Problem ->
Retype the lines of the material below, exactly and only, from the one containing "North polar dunes" through the last line, with pictures left out.

Input data ->
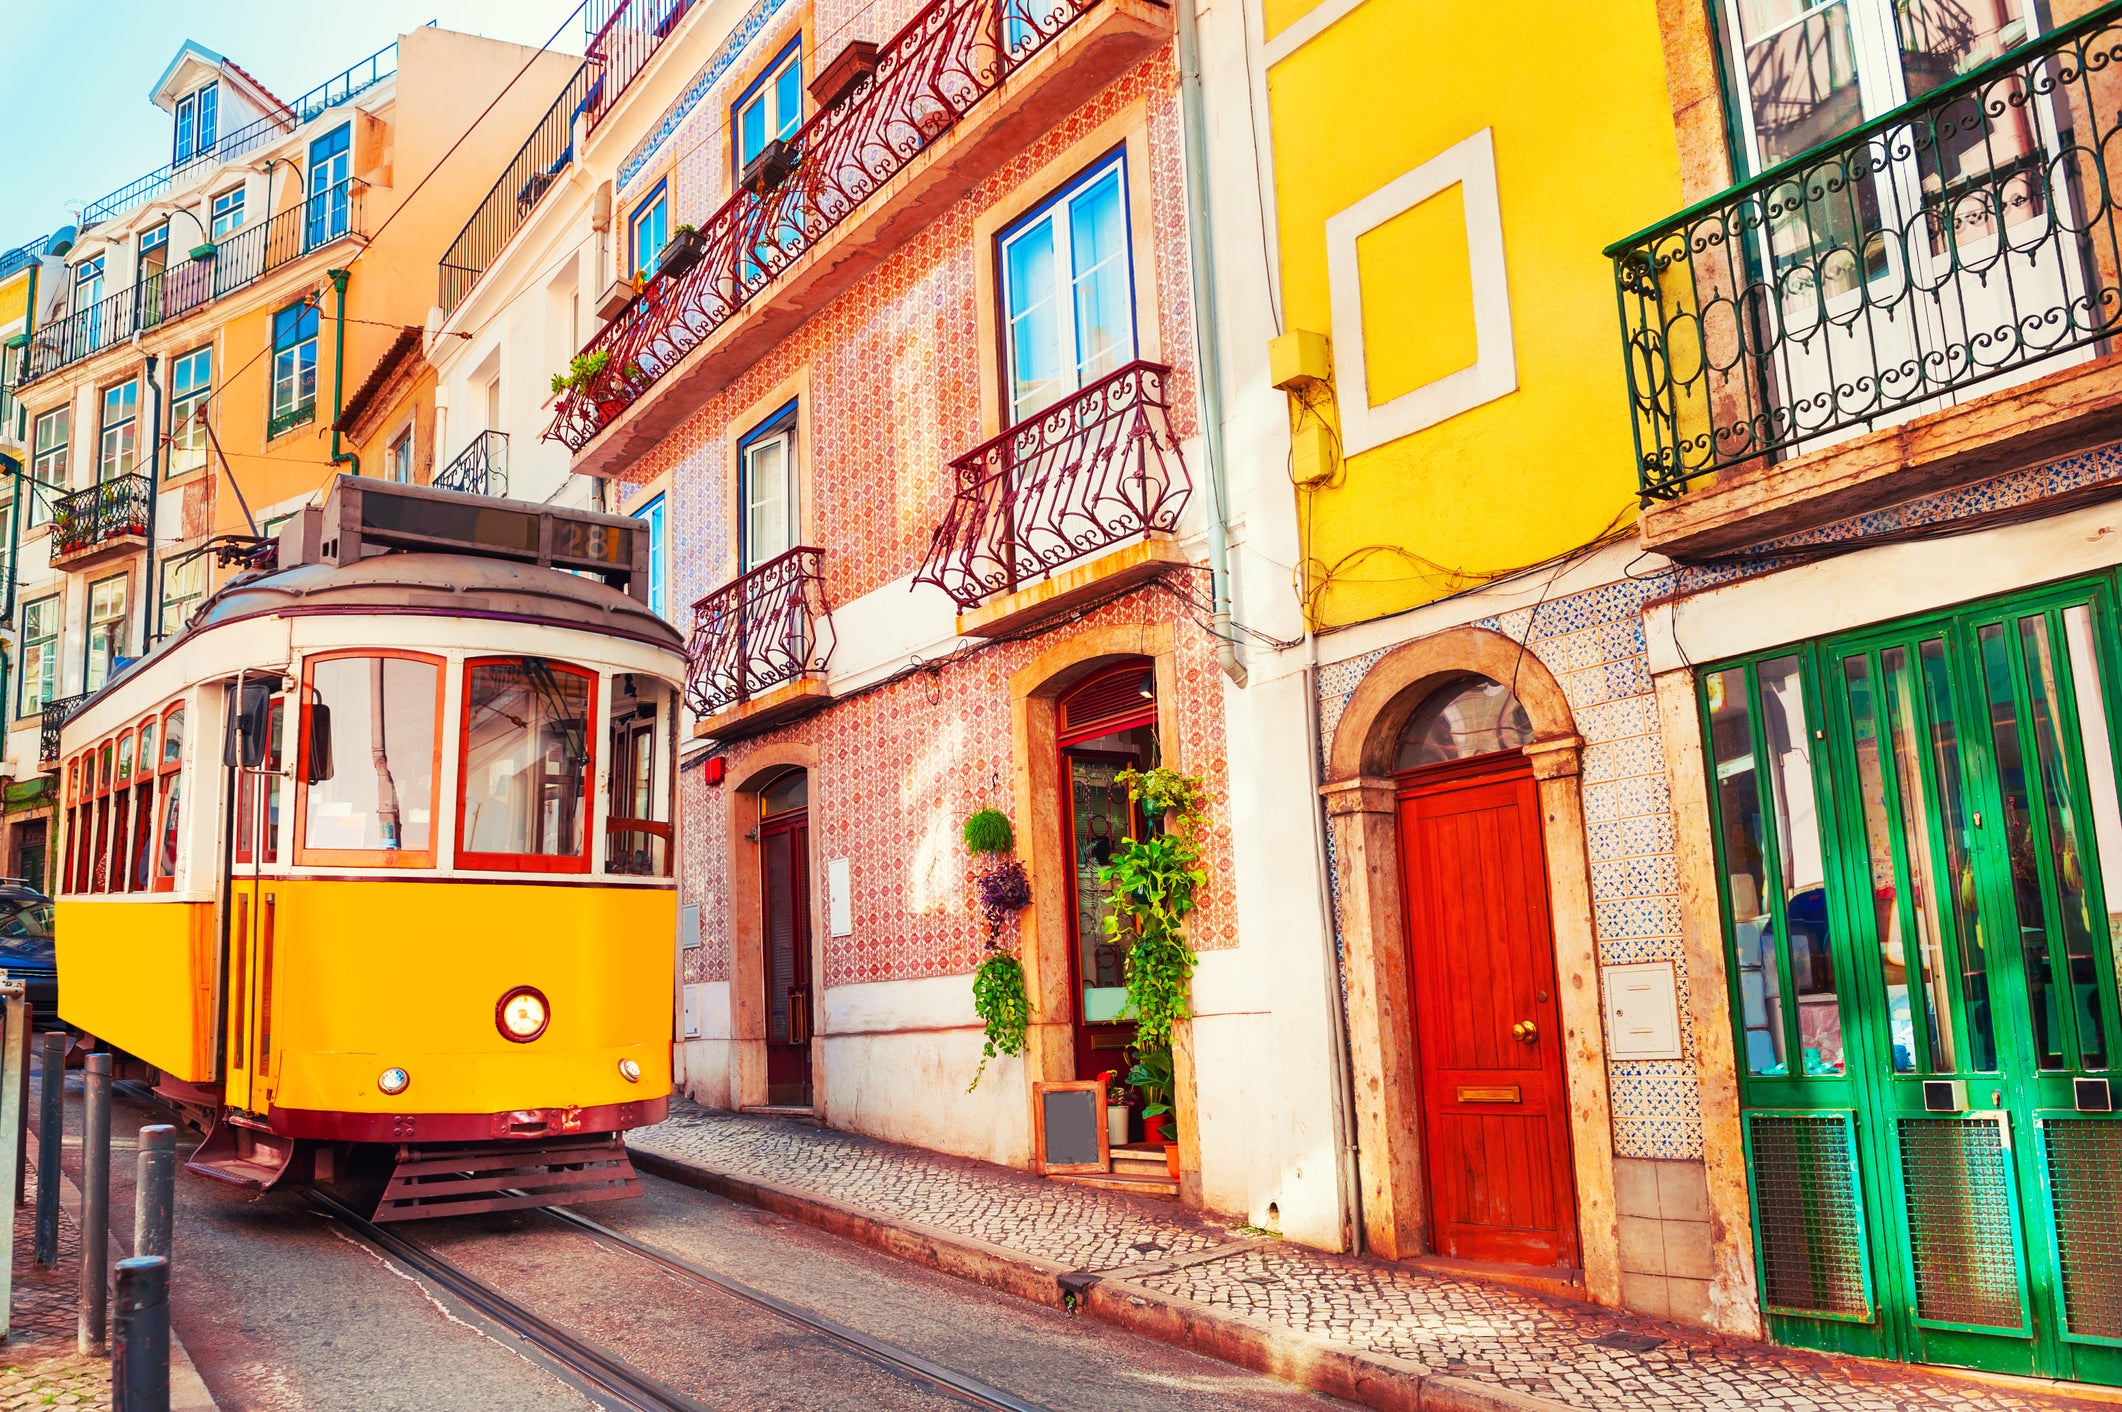 A vintage tram in Lisbon, Portugal
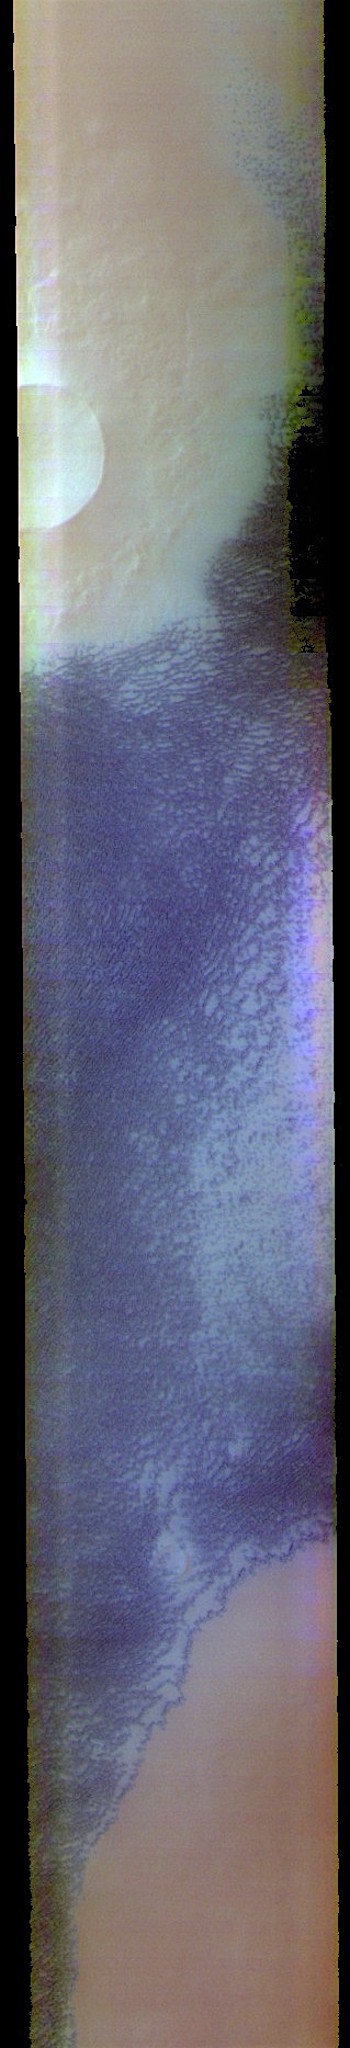 North polar dunes in false color (THEMIS_IOTD_20180912)
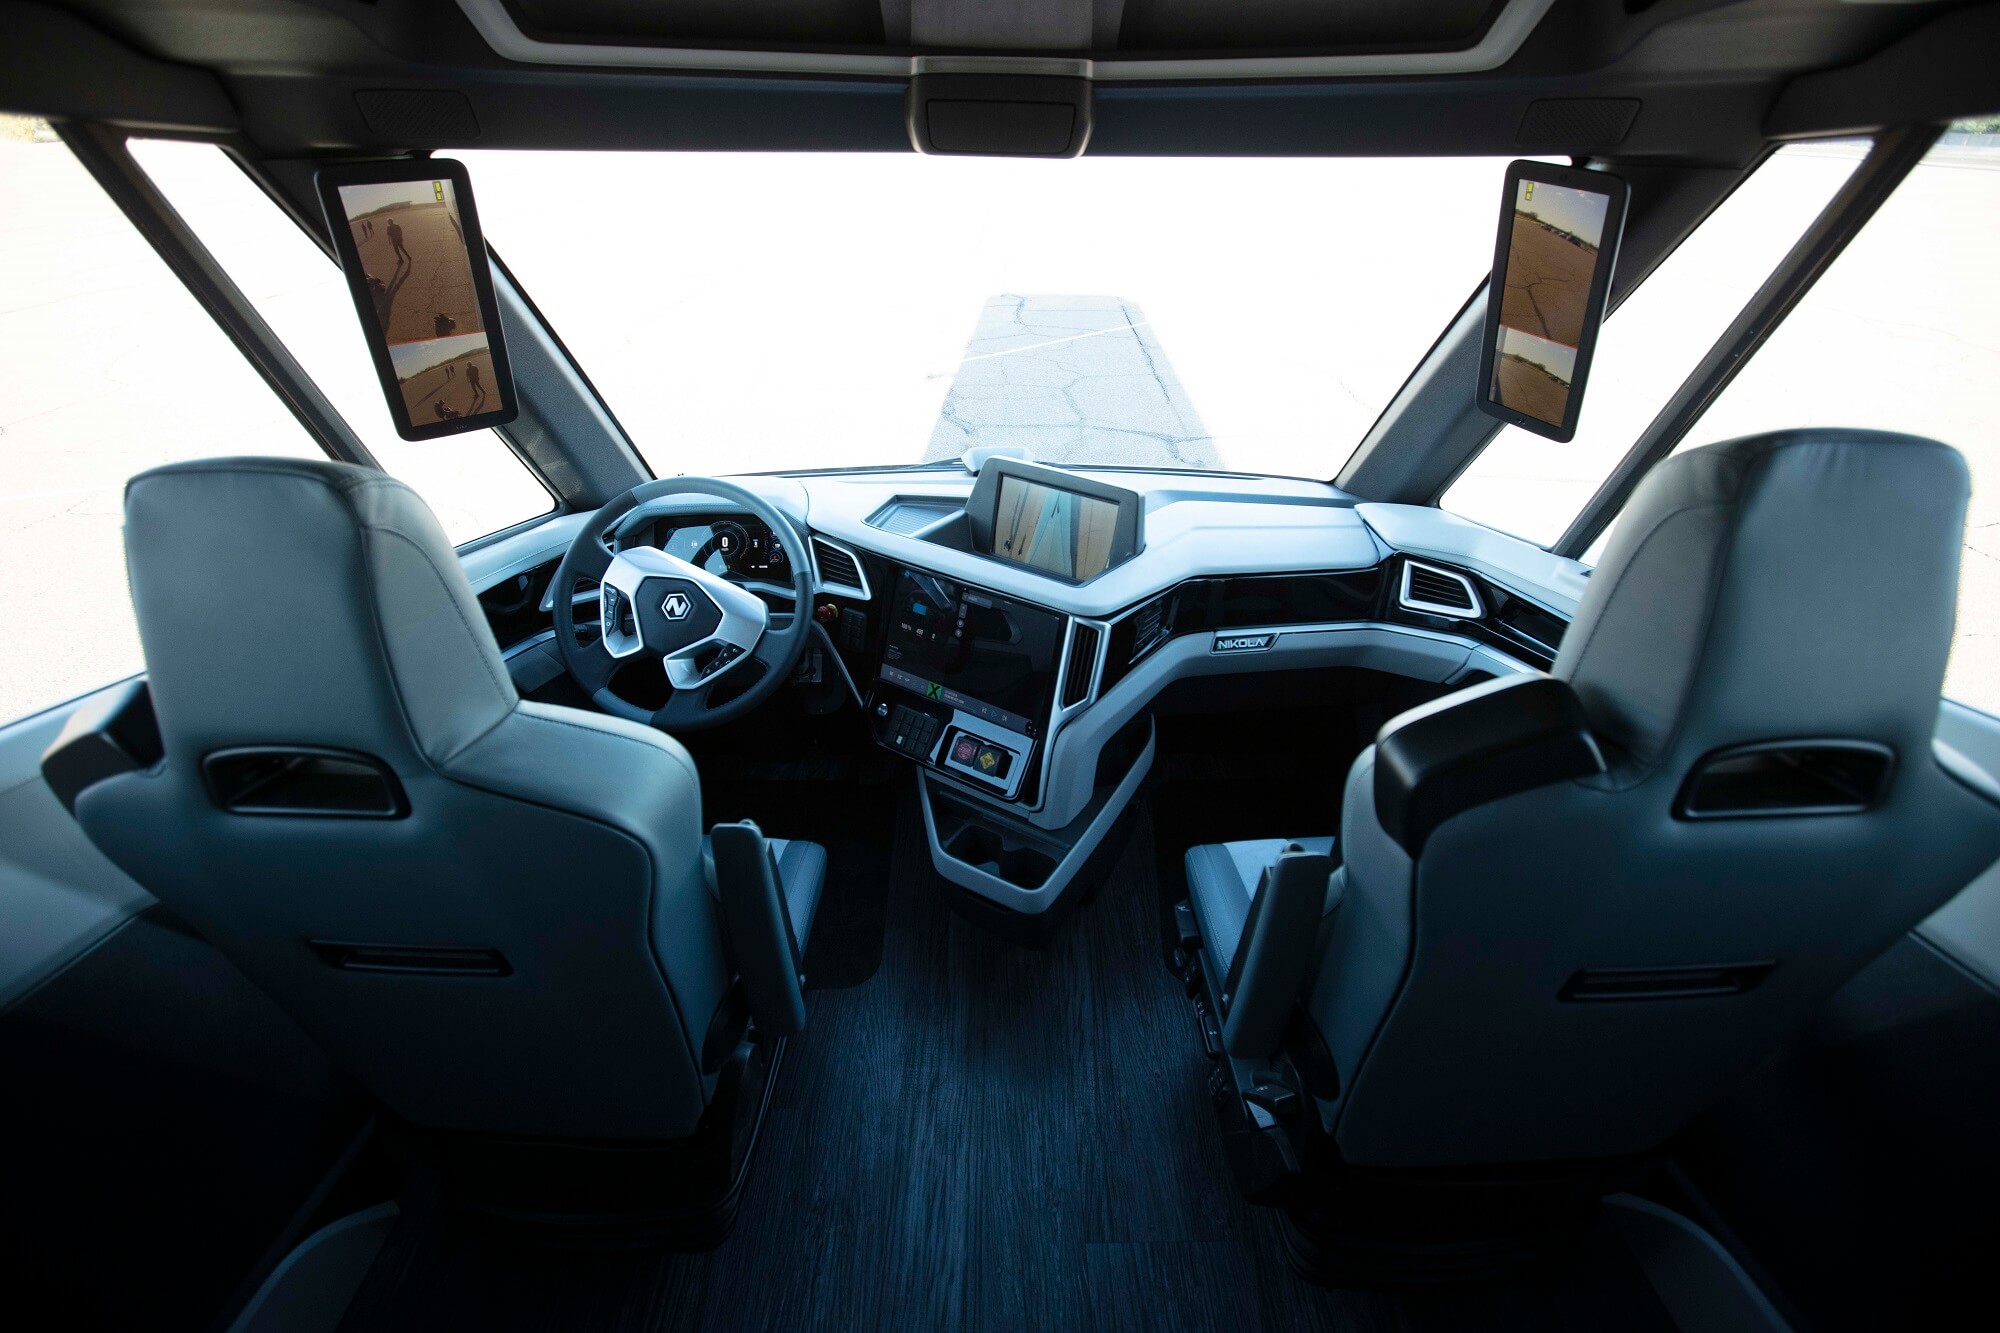 Interior of the Nikola Two autonomous truck

Your solution ->
 North polar dunes in false color (THEMIS_IOTD_20180912)
 Interior of the Nikola Two autonomous truck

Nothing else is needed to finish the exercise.